Cystatin C is a protein encoded by the CST3 gene and is a cysteine protease inhibitor produced by all nucleated cells at a constant rate; it is found in all tissues and body fluids [2)] . Cystatin C plays an important role in the atherosclerotic process, i.e., inhibiting the cathepsin-dependent proteolytic activity in the vascular wall. The remodeling of the extracellular matrix (ECM) in the vascular wall is an important feature of the atherosclerosis pathogenesis. The imbalance between cathepsin and cystatin C in vascular local sites may result in increased degradation of ECM, leading to the development of an atherosclerotic plaque. Indeed, human pathological studies have shown increased cathepsin and decreased cystatin C expressions in atherosclerotic lesions [3)] .

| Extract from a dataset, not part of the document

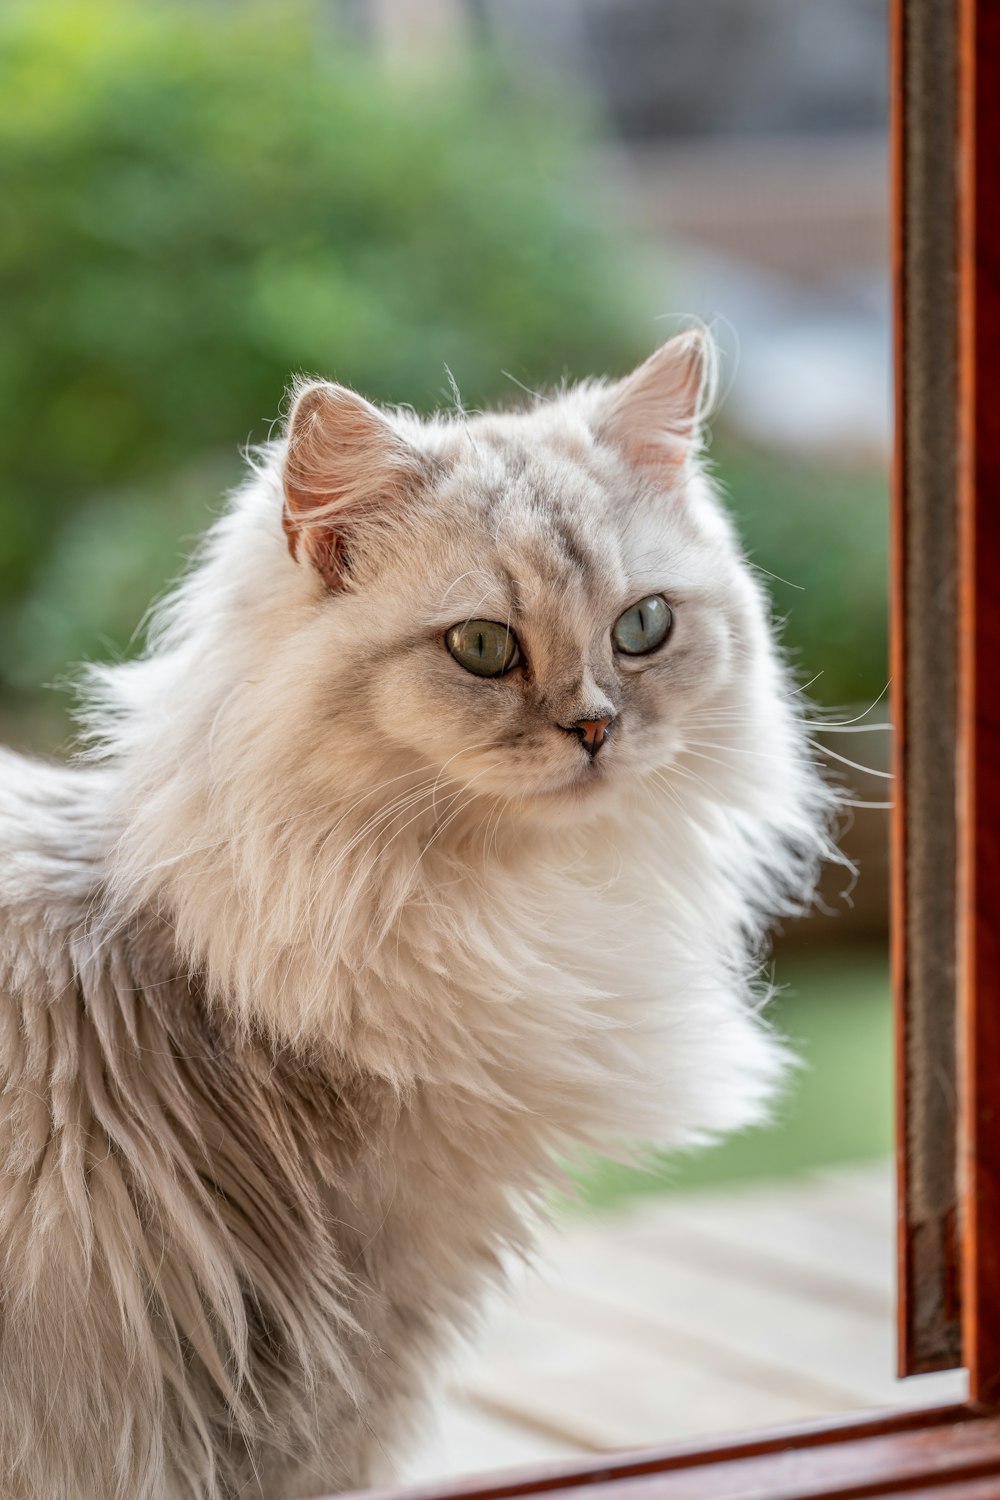 a fluffy white cat looking at itself in a mirror

In clinical practice, serum cystatin C level is a well-established biomarker of the kidney function (filtration). Because cystatin C is a low-molecular-weight protein (13 kDa) consisting 120 amino acids, it is freely filtrated at the glomerulus, fully reabsorbed and catabolized, but not secreted, by the nephron tubule. Moreover, cystatin C is less influenced by age, gender, or muscle mass. Thus, serum cystatin C level is believed to be a more accurate biomarker than serum creatinine level for the estimation of kidney function [4)] .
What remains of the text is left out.